Как ни странно, а крестьянам эта затея с самого начала не понравилась. Хорошему делу, думали они, тебя так задаром никто не обучит, а если задаром, значит, тут что-то не так. К тому же, говорили они, у нас есть лошади, у нас есть чудные кони, а теперь, значит, куда их? При постановке подобных вопросов стали созываться общие собрания, которые начинались с международной обстановки, которая всегда была крайне сложна, а когда к полуночи добирались до своих наболевших дел, ораторы патетически вопрошали:
— Товарищи, да есть ли у вас совесть?!
Это решило все. Молдаванин упрям по природе, но если апеллировать к его совести, он тут же сдается, И курсы трактористов начали действовать. Молодые парни, еще совсем подростки, и вчерашние фронтовики, и много разных других выходили чуть свет из своих деревень и медленно плелись к МТС по мокрым, оголенным, чуть прихваченным морозом полям. Они шли, чтобы доказать, что у них есть совесть, а заодно узнать, в чем хитрость четырехколесных громад и как эти таинственные, невидимые простым глазом лошадиные силы выходят в поле и пашут шести-, восьми- и даже двенадцатилемешным плугом.
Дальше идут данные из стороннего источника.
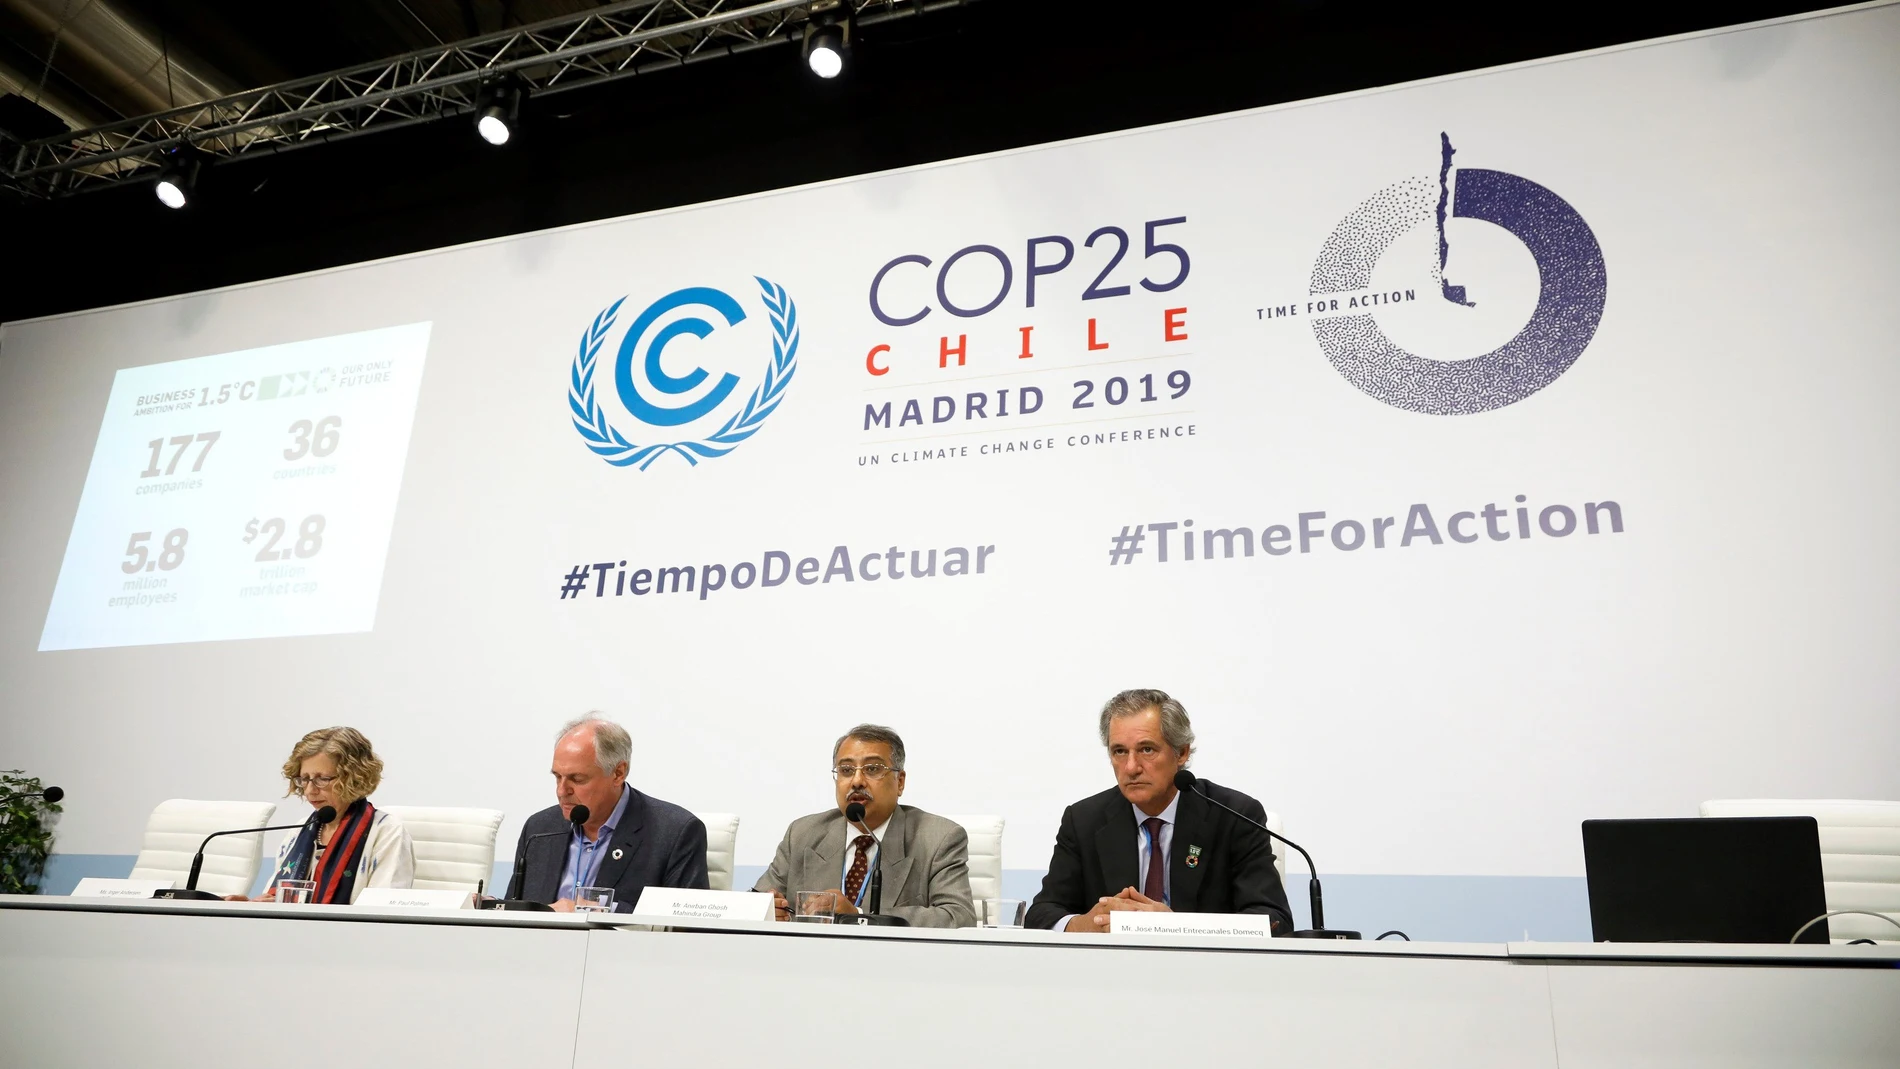 Acuerdo global de 174 empresas para descarbonizar la economía

Потом наступил голод, но они по-прежнему ходили каждый день в МТС. Они уже бредили машинами, и промасленные спецовки старых механиков казались им одеждой избранных; они понимали, что кончился старый век и наступил новый, но не любовь к таинственной профессии тракториста, не понимание существа новой эпохи, а самый обыкновенный страх, страх перед голодной смертью поднимал их чуть свет. Наскоро зашнуровав худые ботинки, они выходили околицами в поле и медленно брели к МТС. Они шли, и каждый про себя думал о том, как там, в МТС, после двухчасового урока им выдадут по пятьсот граммов сыроватого, но настоящего ржаного хлеба и тарелку горохового супа. Суп они съедят сами, а хлеб понесут домой.